When the Russian invasion threatened his rear, Prittwitz suggested a retreat to the west of the Vistula. This meant abandoning East Prussia, which the German General Staff found unacceptable. Additionally, commander of the I Corps Hermann von François complained to the General Staff that his superior was panicking; the General Staff concurred in this assessment. Prittwitz was promptly replaced as Eighth Army commander by Paul von Hindenburg on 23 August 1914.  Hindenburg, and Erich Ludendorff as replacement for Chief of Staff Georg von Waldersee, then destroyed the two invading Russian armies at the Battles of Tannenberg and the Masurian Lakes. 

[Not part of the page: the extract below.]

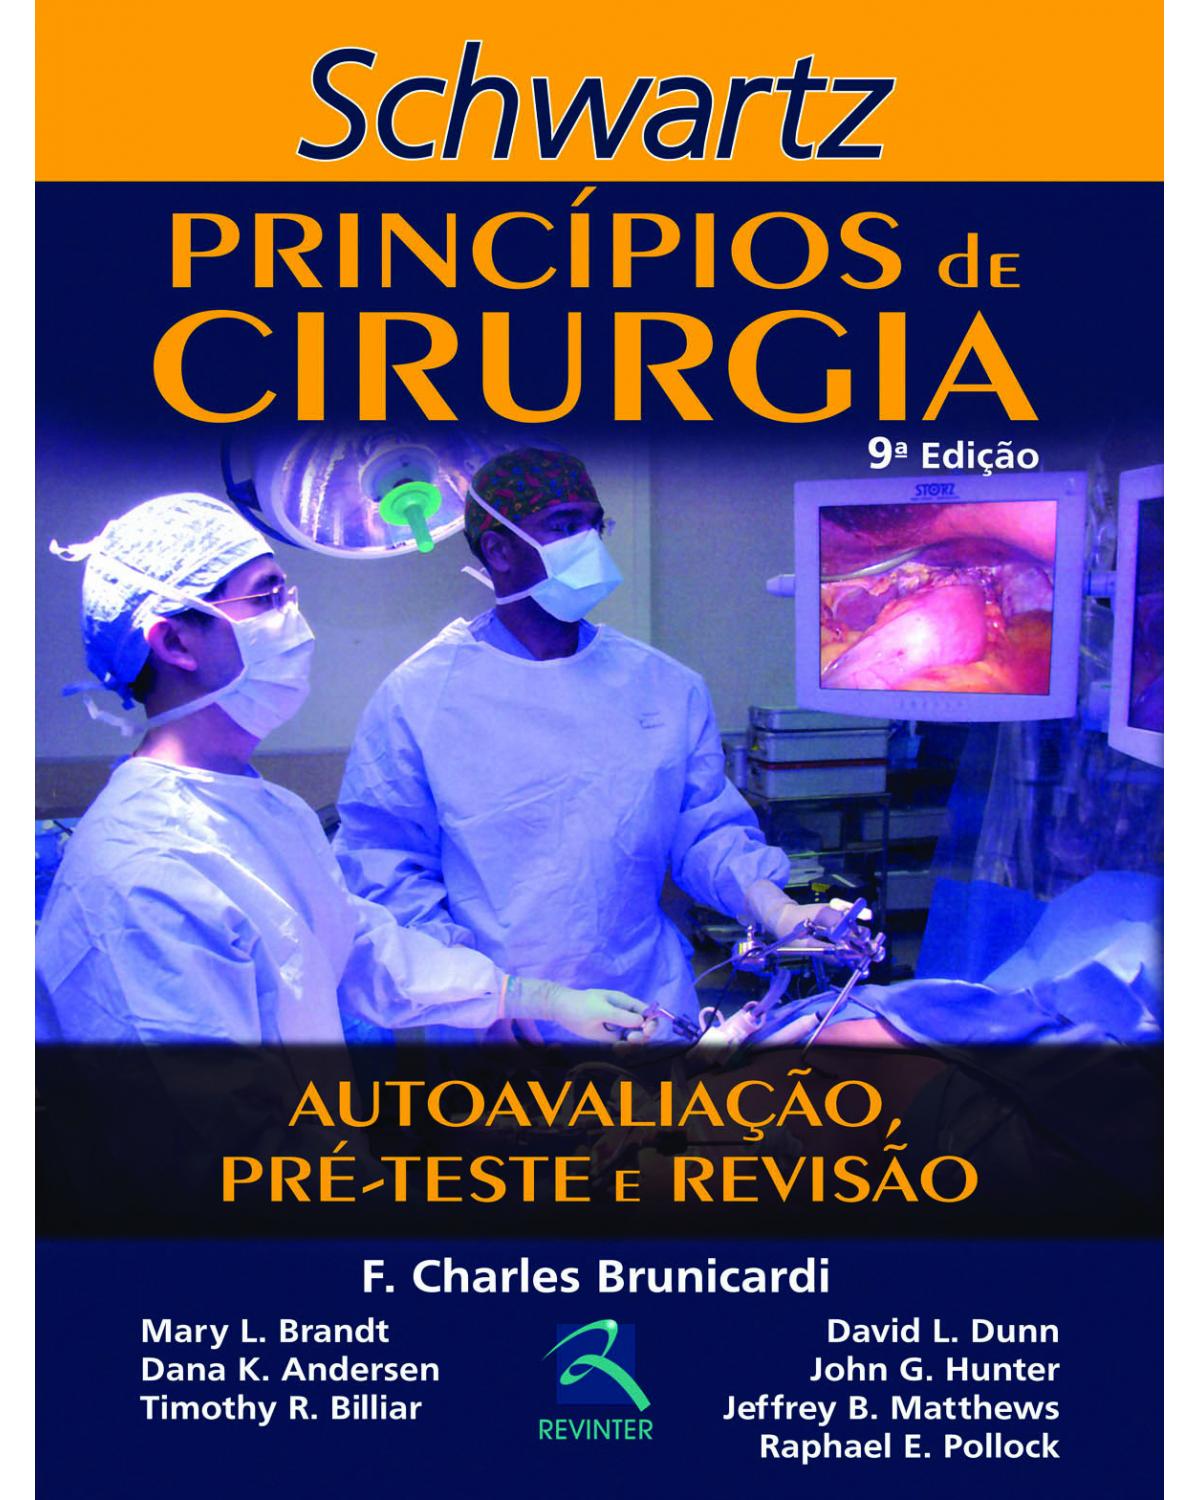 Schwartz - Princípios de cirurgia - autoavaliação, pré-teste e revisão - 9ª Edição | 2013

Prittwitz retired to Berlin, where he lived for three years before dying of a heart attack. He was buried in the Invalids' Cemetery (Invalidenfriedhof) in Berlin.

Honours and awards

References

See also
Who’s Who: Maximilian von Prittwitz

1848 births
1917 deaths
People from Bierutów
People from the Province of Silesia
Silesian nobility
German Army generals of World War I
German military personnel of the Franco-Prussian War
Prussian people of the Austro-Prussian War
Colonel generals of Prussia
Members of the Prussian House of Lords
Burials at the Invalids' Cemetery
19th-century Prussian military personnel
Recipients of the Iron Cross (1870), 2nd class
Grand Crosses of the Military Merit Order (Bavaria)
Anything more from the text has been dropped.